Harassment, discrimination, and bullying will not be tolerated. This includes all kinds of offensive comments related to age, race, ethnicity, religion, creed, colour, gender, sexual orientation, medical condition, physical or intellectual disabilities, pregnancy, national origin, or ancestry.
Inappropriate or unprofessional behaviours have no place at VISUM. This includes sexual harassment, stalking, harassing photography or recording, inappropriate physical contact or attention, public vulgar exchanges, derogatory name-calling, and diminutive characterisations. This also includes the use, display, or unsolicited sharing of images, activities, or other materials of sexual, racial, or otherwise offensive nature.
VISUM is a place for orderly, polite, and respectful behaviour. Disorderly conduct such as fighting, insult, coercion, theft, or damage to property will not be tolerated. Similarly, any action aimed at disturbing the correct operation of VISUM activities will also not be tolerated.

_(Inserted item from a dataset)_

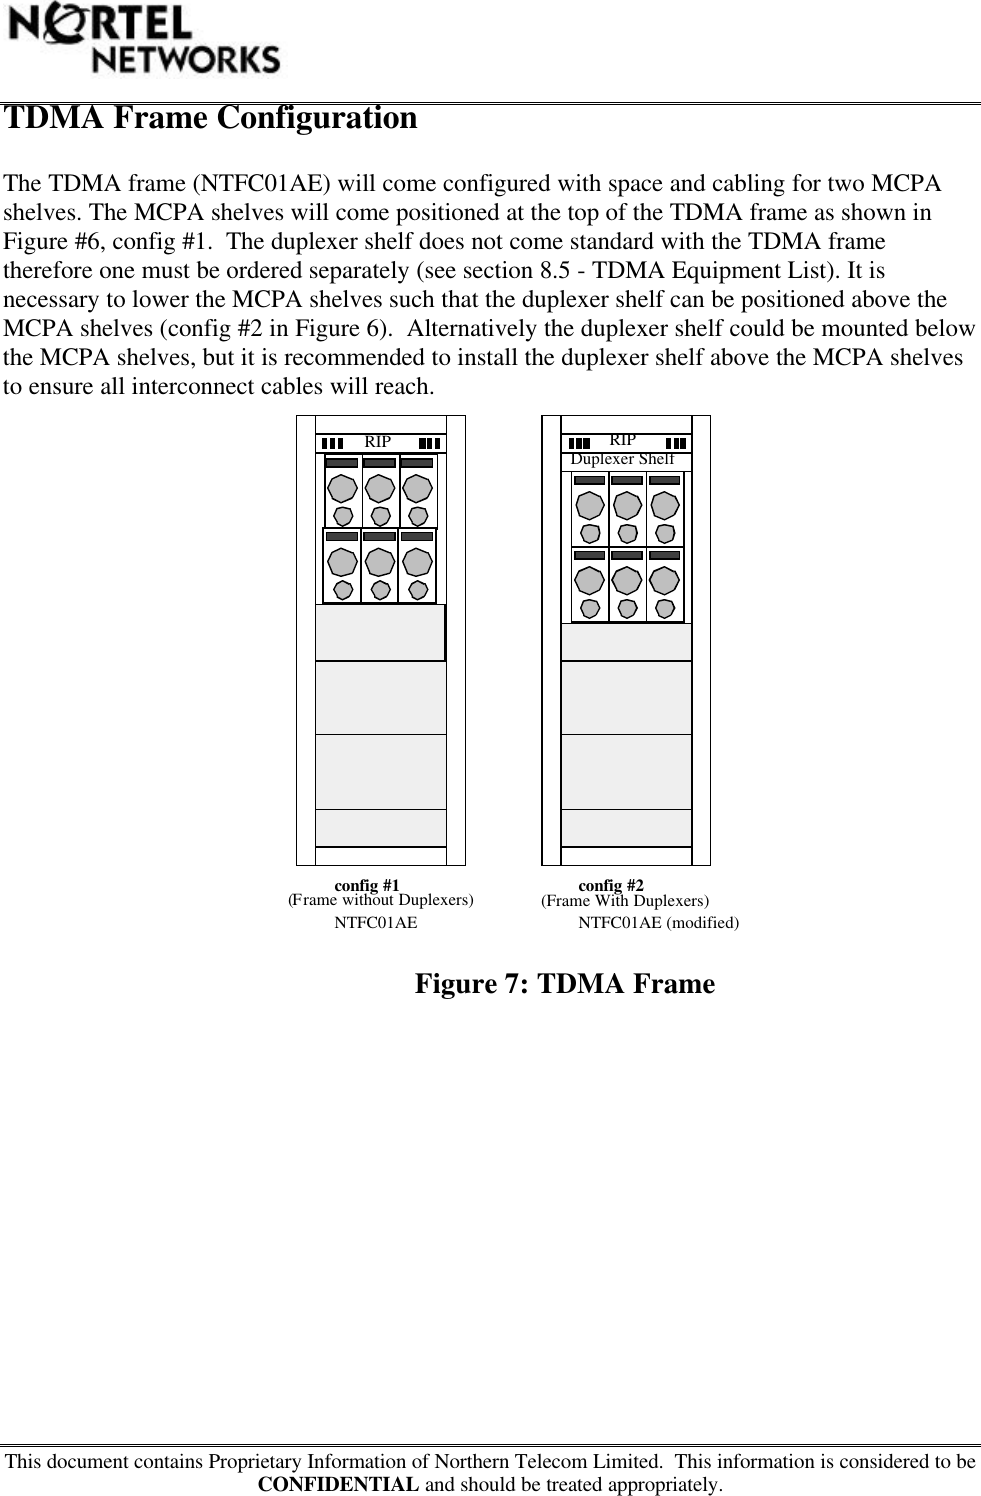 This document contains Proprietary Information of Northern Telecom Limited.  This information is considered to beCONFIDENTIAL and should be treated appropriately.TDMA Frame ConfigurationThe TDMA frame (NTFC01AE) will come configured with space and cabling for two MCPAshelves. The MCPA shelves will come positioned at the top of the TDMA frame as shown inFigure #6, config #1.  The duplexer shelf does not come standard with the TDMA frametherefore one must be ordered separately (see section 8.5 - TDMA Equipment List). It isnecessary to lower the MCPA shelves such that the duplexer shelf can be positioned above theMCPA shelves (config #2 in Figure 6).  Alternatively the duplexer shelf could be mounted belowthe MCPA shelves, but it is recommended to install the duplexer shelf above the MCPA shelvesto ensure all interconnect cables will reach.Figure 7: TDMA FrameRIP RIPDuplexer Shelf(Frame without Duplexers) (Frame With Duplexers)config #1 config #2NTFC01AE NTFC01AE (modified)

VISUM is not a place for political discussion. All participants should refrain from expressing or discussing political perspectives or viewpoints not directly related to the VISUM topics of computer vision and machine learning. Additionally, any political viewpoints or beliefs held by participants are their own and are not in any way endorsed by VISUM Summer School.
Privacy is of paramount importance. All participants should be careful not to disclose others' private or intimate information, including images or recordings, without prior authorisation. This includes the sharing of photographs, videos, or audio excerpts captured during VISUM's activities.
We reserve the right to take action against offenders:
VISUM organisers may take action against participants breaking any rule in this code of conduct as deemed appropriate. This includes formal or informal warnings; expulsion from the summer school with no refund; barring from participation in future editions of VISUM; reporting the incident to the offender's affiliation institution or funding agencies; or reporting the incident to local authorities or law enforcement.
If action is taken, an appeals process will be made available.
We expect every participant to assist us in keeping VISUM safe:
Organisers encourage all participants to immediately report any incidents of discrimination, harassment, unprofessional conduct, retaliation, or any other behaviour breaking the rules in this code of conduct.
Complaints and incident reports may be delivered on-site to any member of the VISUM organising team, appropriately identified on our website and through worn nametags, or by email to visum@inesctec.pt.
All complaints or incident reports submitted to the organisers will be immediately and thoroughly investigated. There will be no retaliation against any participant who raises a complaint or submits an incident report in good faith or who honestly assists in any investigation.